The file command {See https://en.wikipedia.org/wiki/File_(command)}
describes most of my inspected examples correctly like "Mach-O universal
binary" with sub type classification "bundle" (See appended
output/file-5.39.txt), because the file command use another method to detect
such libraries archives.
So i run tridscan on such bundle files to create bundle-cafe.trid.xml
definition file.

I add here again web page about Mach-O file format on Wikipedia. That is now
expressed by line like:
   <RefURL>https://en.wikipedia.org/wiki/Mach-O</RefURL>

Instead generic application/octet-stream the file command shows a user
defined type (See appended output/file-i-5.39.txt). So i changed in trid
definition file mime type. This is now shown by updated line like:
   <Mime>application/x-mach-binary</Mime>

When looking in bundle-cafe.trid.xml i see in global string section lines,
which are obviously generated by lucky circumstances like:
   <String>8'''__LINKEDIT</String>
I was not able to remove such strings, although definition file is based on
186 bundles. Probably the reason is that many bundles belong to the same package
like Python or Perl. So apparently often the same string phrases occur.

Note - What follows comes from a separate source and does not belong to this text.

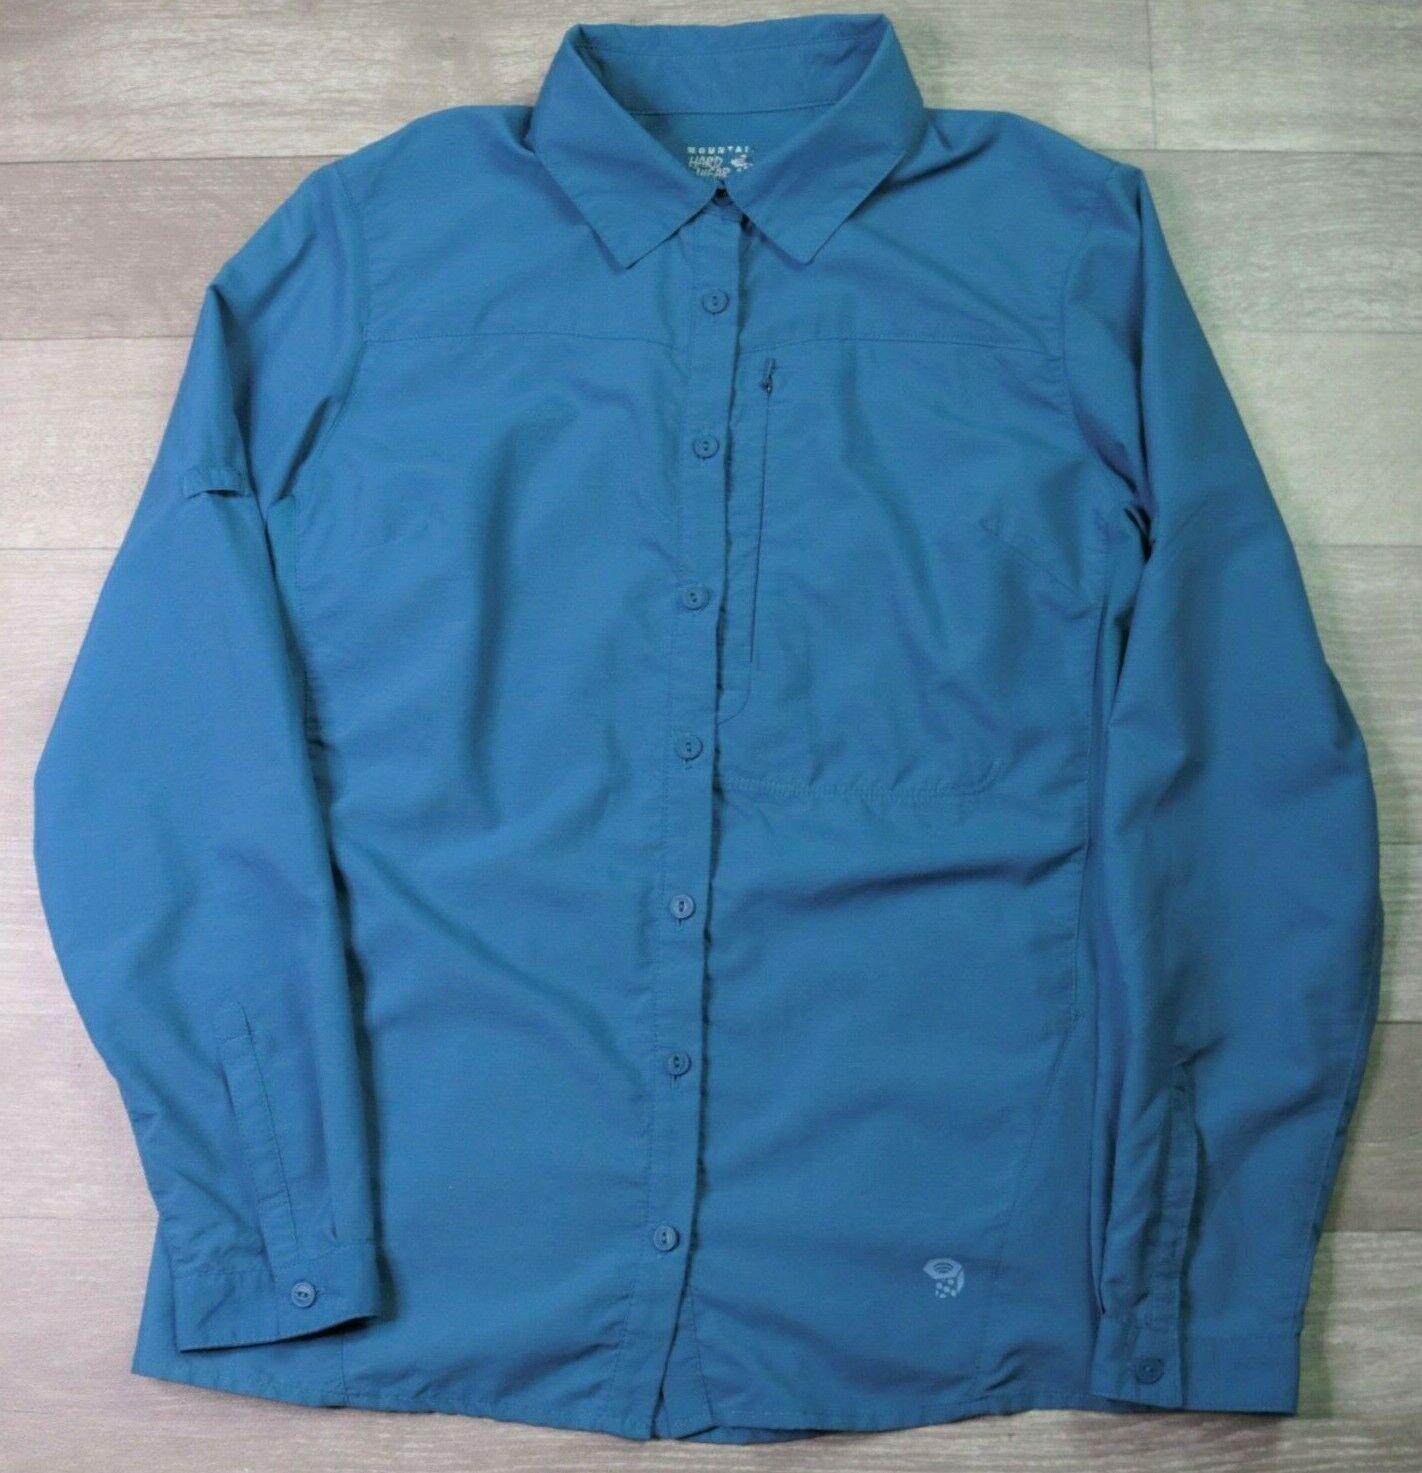 Mountain Hardwear Button Front Blue Hiking Shirt Long Sleeve Top Women's Size XS

All my inspected samples are binary with 2 architectures with i386 CPU binary
as first. This together with the CAFEBABE magic is expressed by pattern
like:
   <Bytes>CAFEBABE0000000200000007000000030000100000</Bytes>
So i hope that other users can improve the definition file by running
tridscan on bundles with other and more CPU architectures.

With the new trid definition file now my Mac OS X Mach-O universal bundle
are described correctly ( see appended output/trid-new.txt). TrID
definition, some examples and output are stored in archive bundle.zip. I
hope that the new XML file can be used in future version of triddefs.

Value 6 is declared as MH_BUNDLE, which is used for dynamically bound bundle
file. That method for recognition is used by file command. I had hoped that i
can adopt this method for trid, but that mach_header structure seem to
appear some times at varying offsets. In many cases this offset was 0x1000.

With best wishes
Jörg Jenderek